Jennie is making popcorn. The recipe calls for 1/2 cup of butter, 3 tablespoons of kernels, and 1 teaspoon of salt. If she uses 10 tablespoons of kernels, how much butter does she need? round to the nearest hundredth.

To determine how much butter Jennie needs when she uses 10 tablespoons of kernels instead of 3 tablespoons, we'll first find the ratio of kernels and butter in the recipe.

The original recipe requires:

• 1/2 cup of butter
• 3 tablespoons of kernels

Let's convert 1/2 cup of butter to tablespoons because the quantity of kernels is in tablespoons.

1 cup = 16 tablespoons, therefore: \[ \frac{1}{2} \text{ cup} = 8 \text{ tablespoons} \]

Now we have:

• Butter: 8 tablespoons
• Kernels: 3 tablespoons

Next, we'll find the ratio of butter to kernels: \[ \text{Ratio} = \frac{8 \text{ tablespoons of butter}}{3 \text{ tablespoons of kernels}} \approx 2.67 \text{ tablespoons of butter per tablespoon of kernels} \]
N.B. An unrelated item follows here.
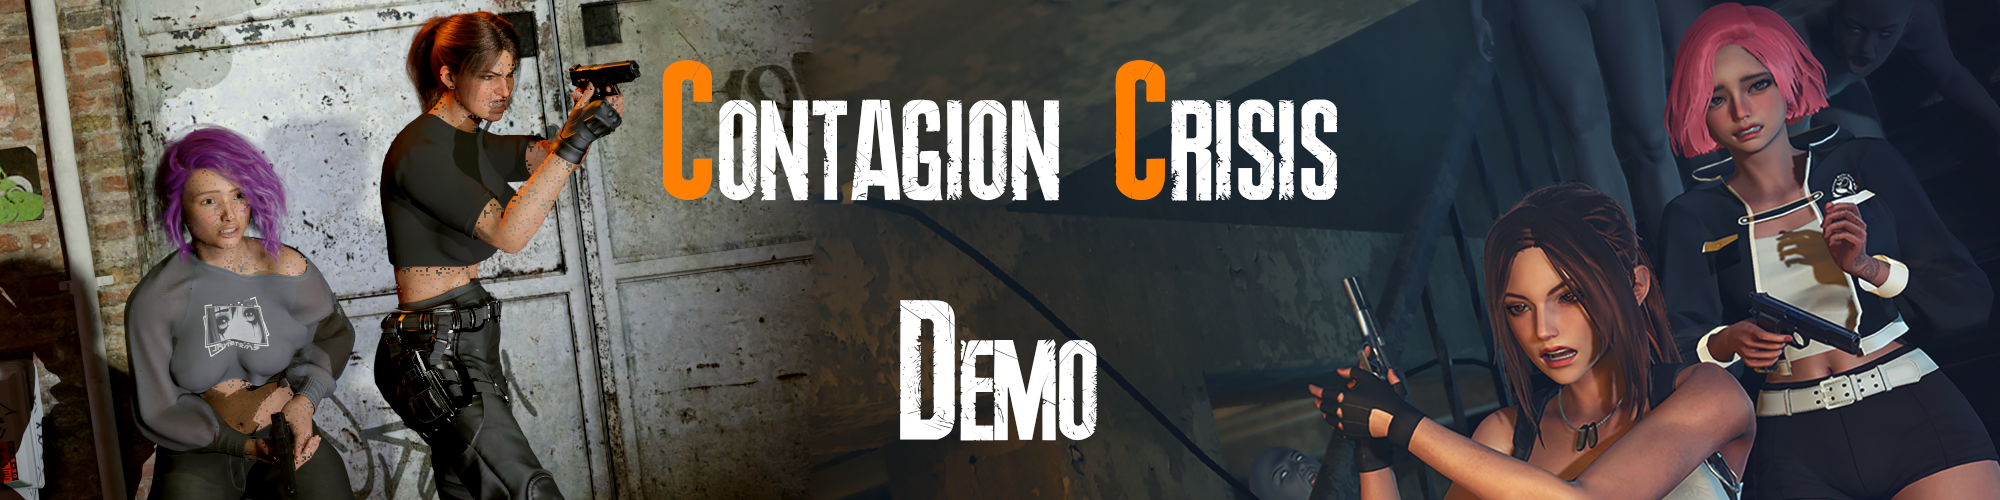 Contagion Crisis poster
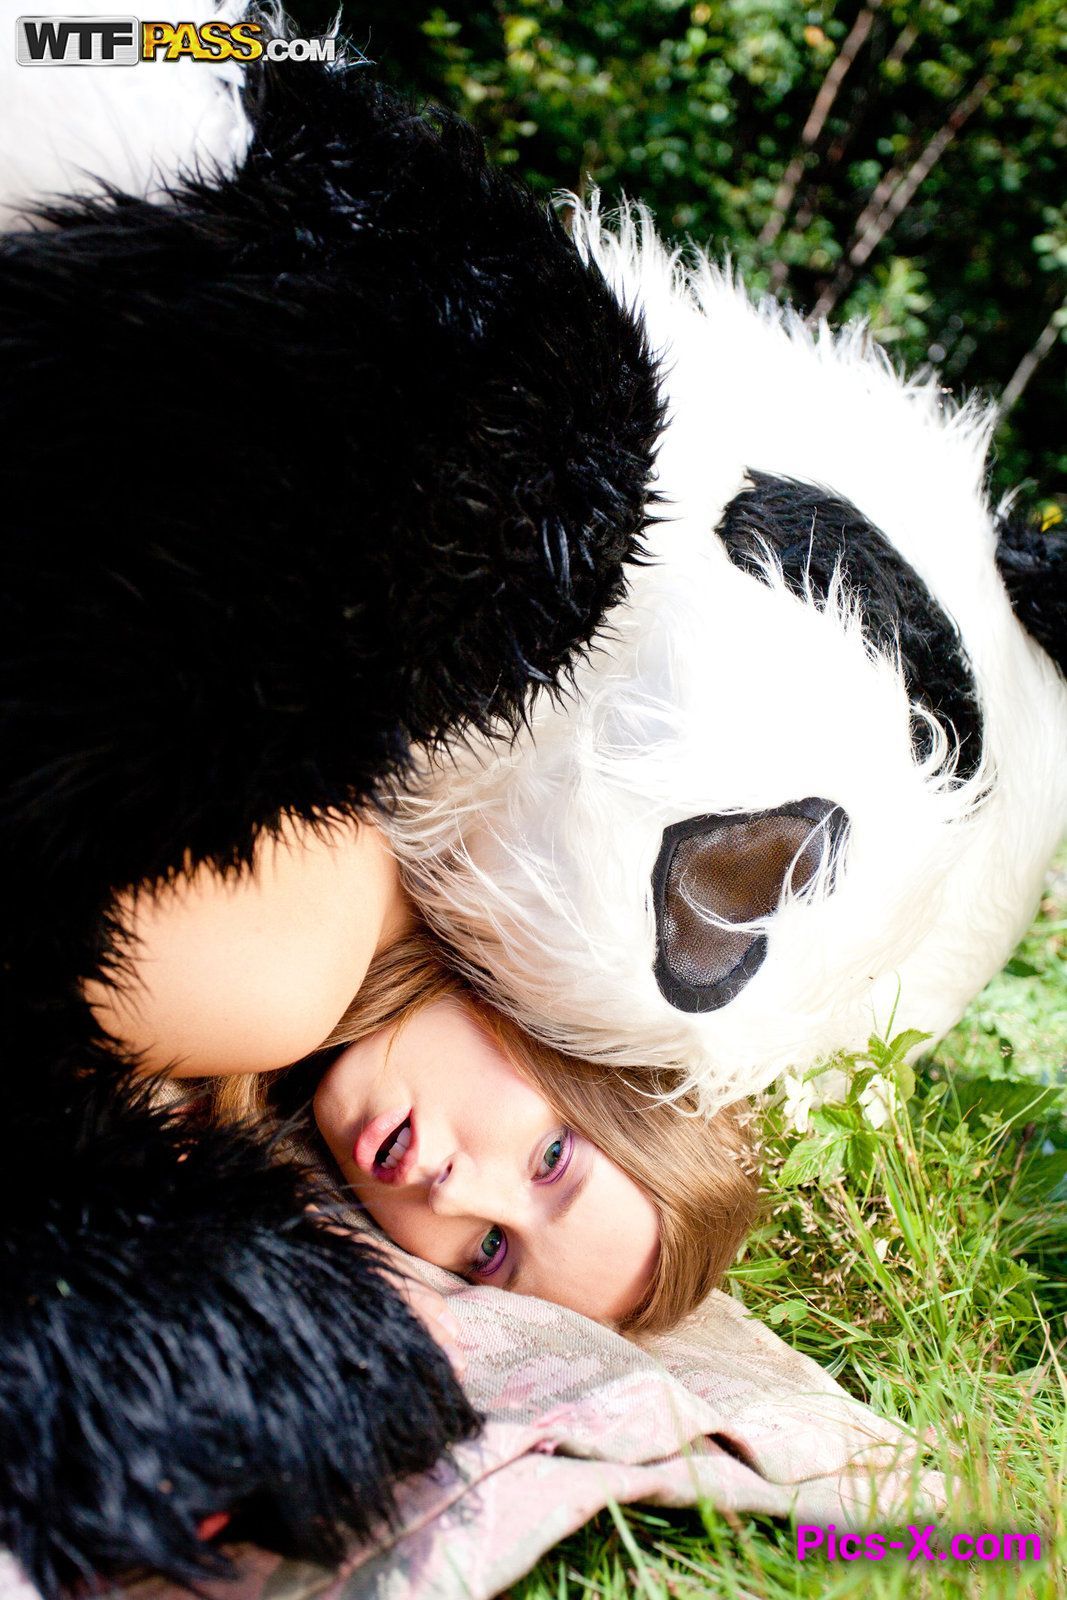 Wild sex to award a hero panda - Panda Fuck - Image 53

Now, if Jennie uses 10 tablespoons of kernels, we can calculate the amount of butter she needs by multiplying the number of kernels by this ratio: \[ \text{Butter needed} = 10 \text{ tablespoons of kernels} \times \frac{8 \text{ tablespoons of butter}}{3 \text{ tablespoons of kernels}} = \frac{80 \text{ tablespoons of butter}}{3} \approx 26.67 \text{ tablespoons of butter} \]

Now we need to convert the quantity of butter back into cups: \[ \text{Butter in cups} = \frac{26.67 \text{ tablespoons}}{16 \text{ tablespoons per cup}} \approx 1.67 \text{ cups} \]

So, rounding to the nearest hundredth, the amount of butter needed is approximately: \[ \text{Butter needed} \approx 1.67 \]

The correct answer is c. 1.67.